Psychometrics and technology-enhanced education research
Keynote address by Ken Koedinger, Human-Computer Interaction Institute, Carnegie Mellon University, USA
Chair: Brian Junker, Thursday 23rd July, 8.30 - 9.30, Palmeston Lecture Theatre, Fisher Building.
Educational technologies are being increasingly used in schools and colleges. As just one example, the intelligent tutoring system component of our Cognitive Tutor Algebra course is used about two days a week by a half million students a year. On-line tutoring technologies provide students with individualized instructional support beyond that provided by teachers and textbooks alone. Well-designed systems can assess students as they work, adapt instruction to their individual needs, and provide stakeholders with detailed reports on students' strengths and weaknesses. Further, these systems provide a powerful research platform for data collection and experimentation to advance theories of learning, assessment, and instruction.

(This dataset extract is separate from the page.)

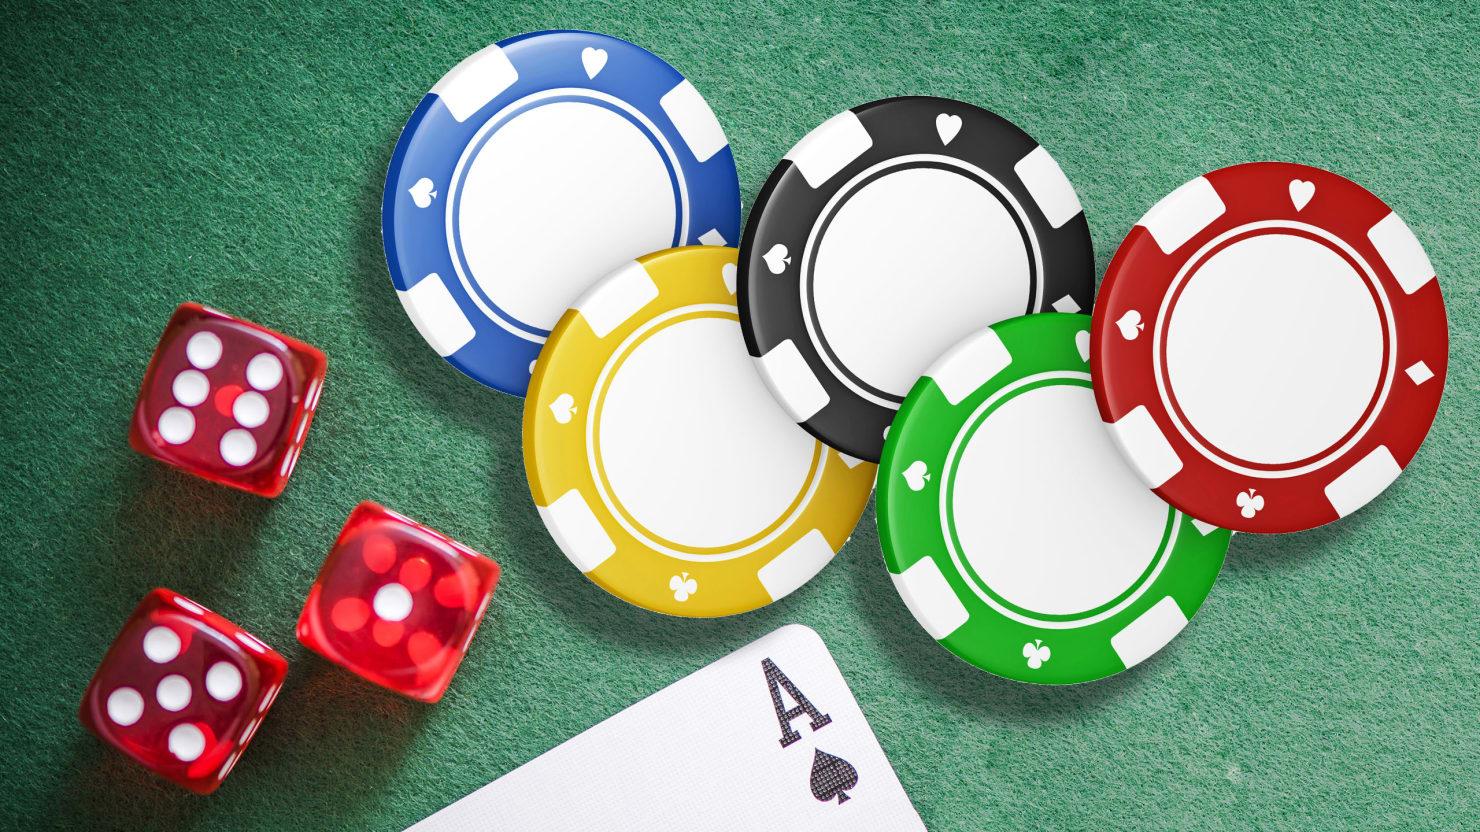 Situs Poker Online Agen Bandar Q Dan Domino99 Terpercaya
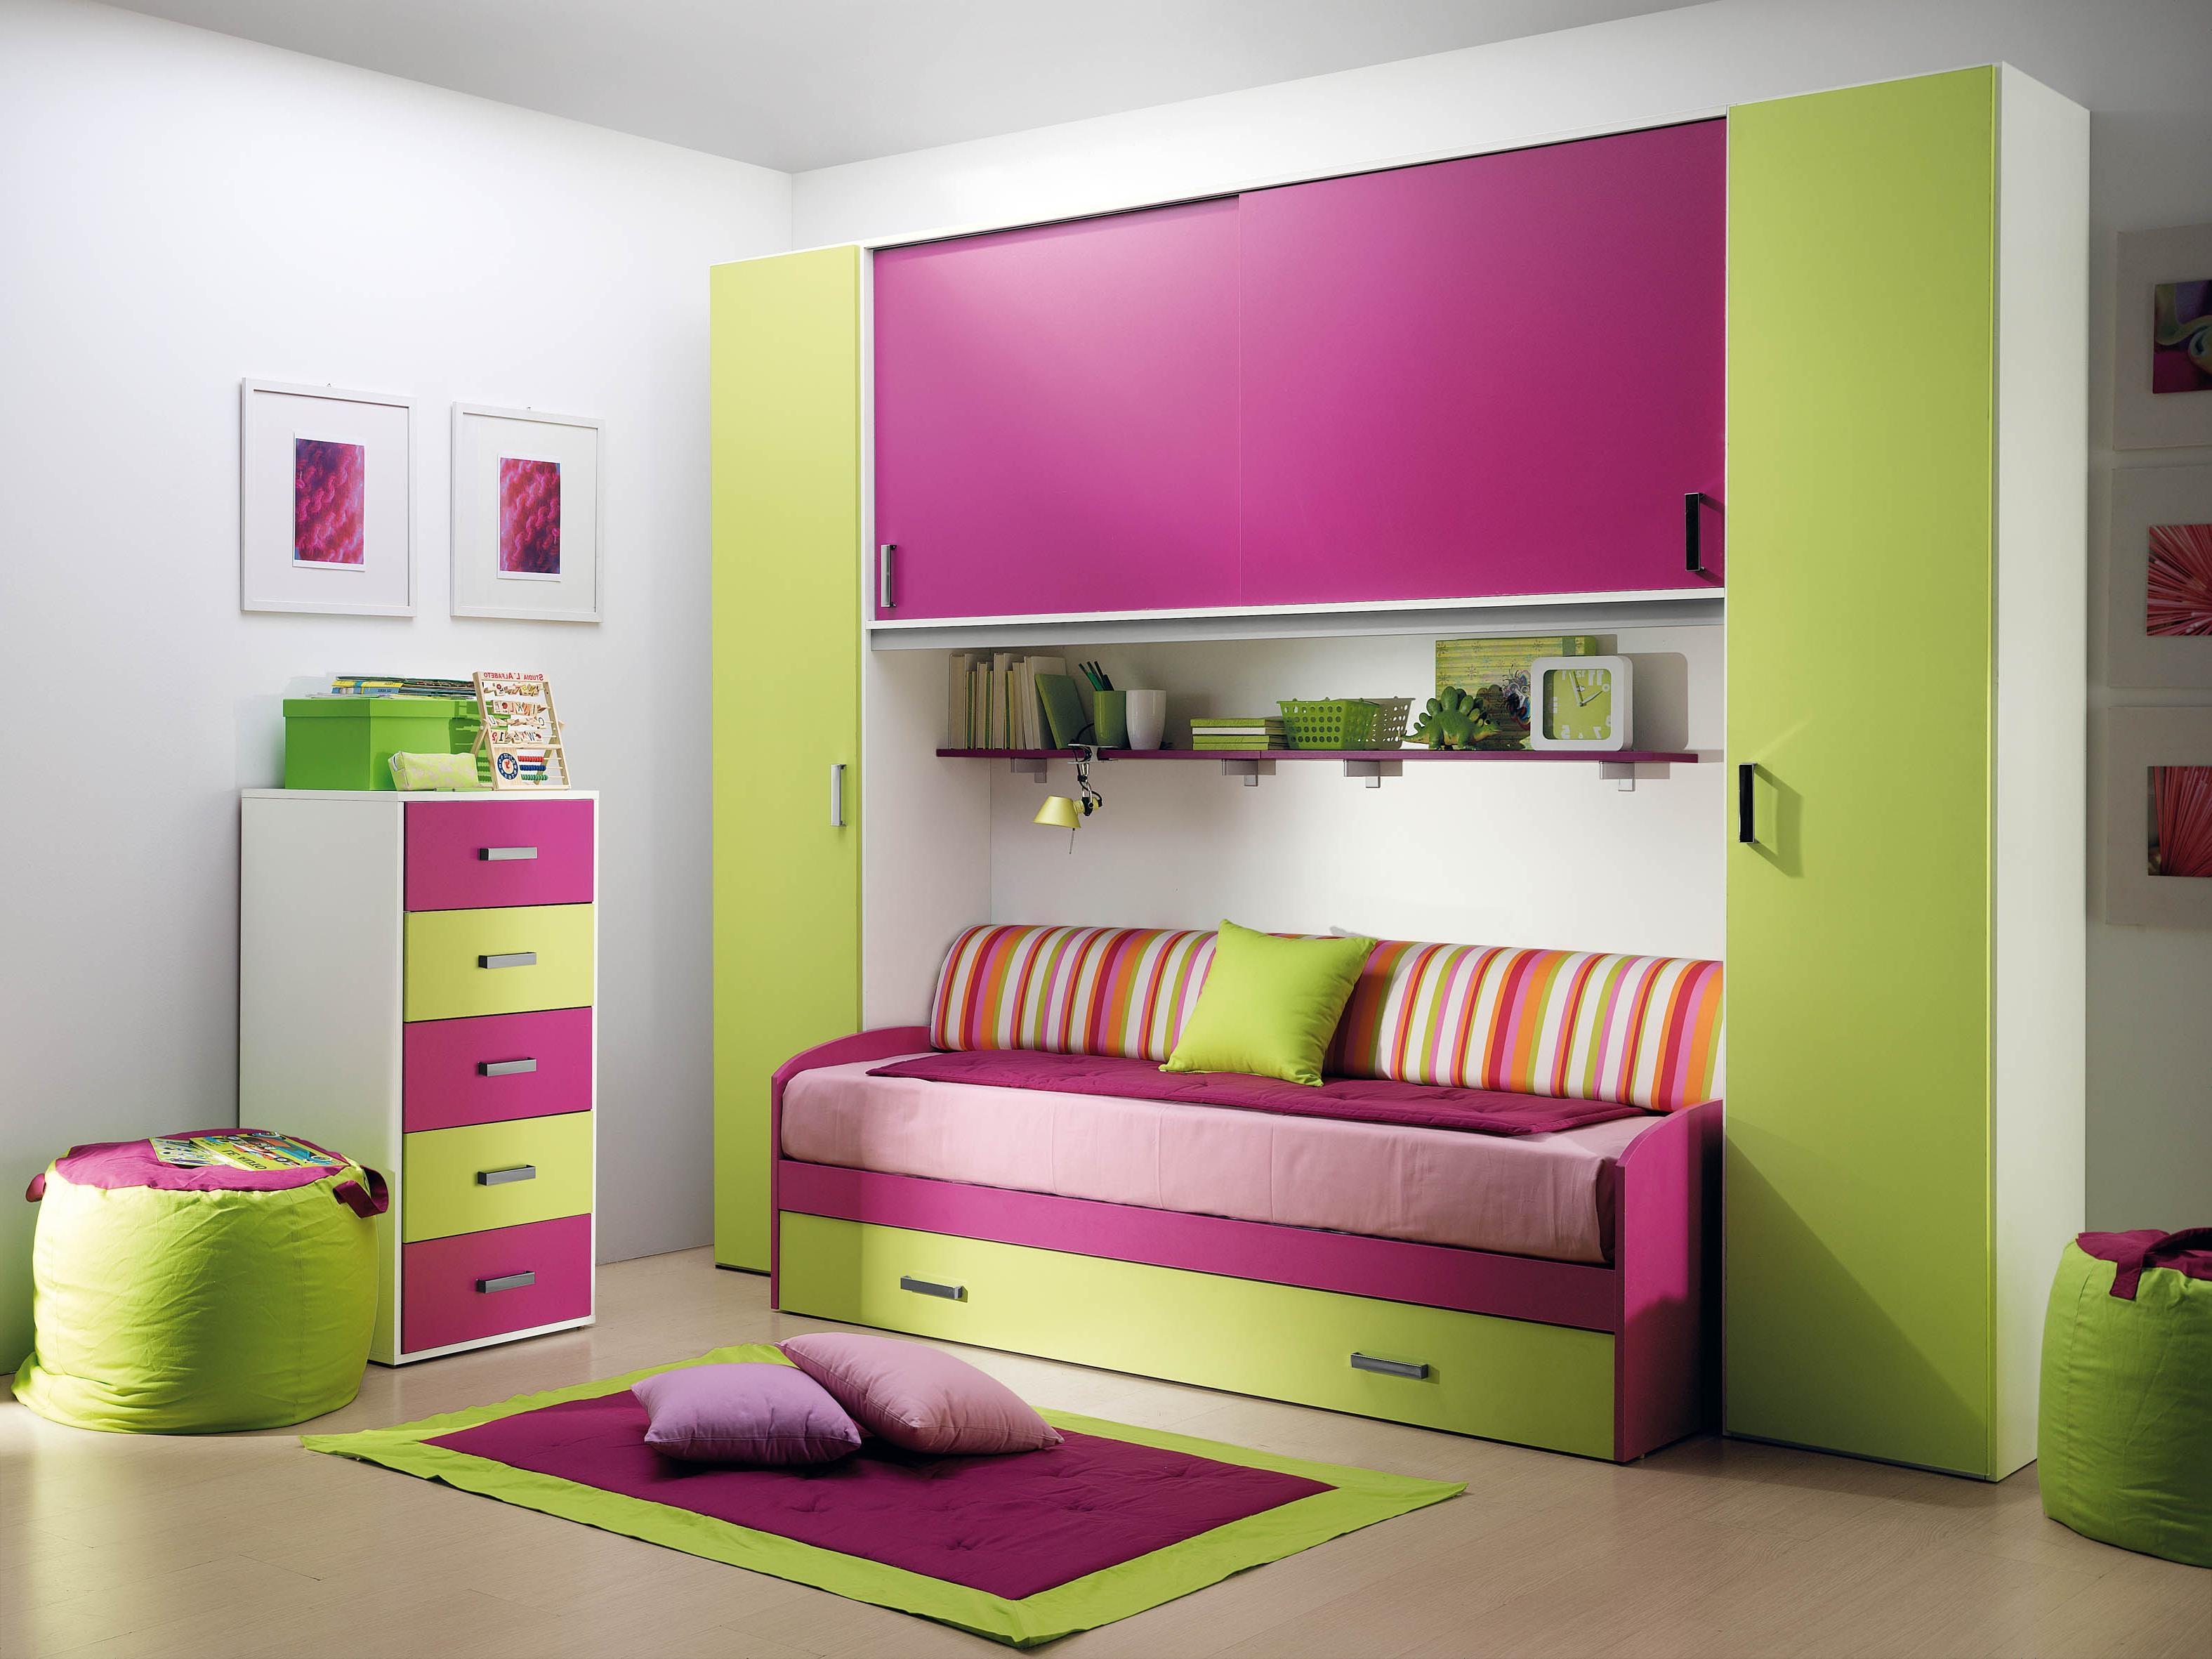 صور غرف نوم بنات , غرف حديثه للفتيات

In this talk, I will focus on opportunities for transforming assessment. Can the continuous embedded assessment provided by on-line tutoring systems not only replace the need for one-shot standardized tests, but also provide richer, more useful, and timely information? I will discuss work from a team of psychologists, computer scientists, and statisticians exploring whether an on-line math tutoring system can accurately predict state test scores while at the same time enhancing student learning and helping teachers improve their teaching. I will also discuss the use of artificial intelligence and machine learning to go beyond cognitive assessment to create assessment models of student learning skills, like help-seeking or self-explanation, and student motivational states, like disengagement or flow. A key theme is how the timing data available from on-line student interactions provides research opportunities to develop new models of psychological states and processes, individual differences, and longitudinal change. All the data sets I will discuss (and many more) are available in an open data repository (pslcdatashop.web.cmu.edu). I hope this talk will encourage Psychometric researchers to dive in and make use of such data!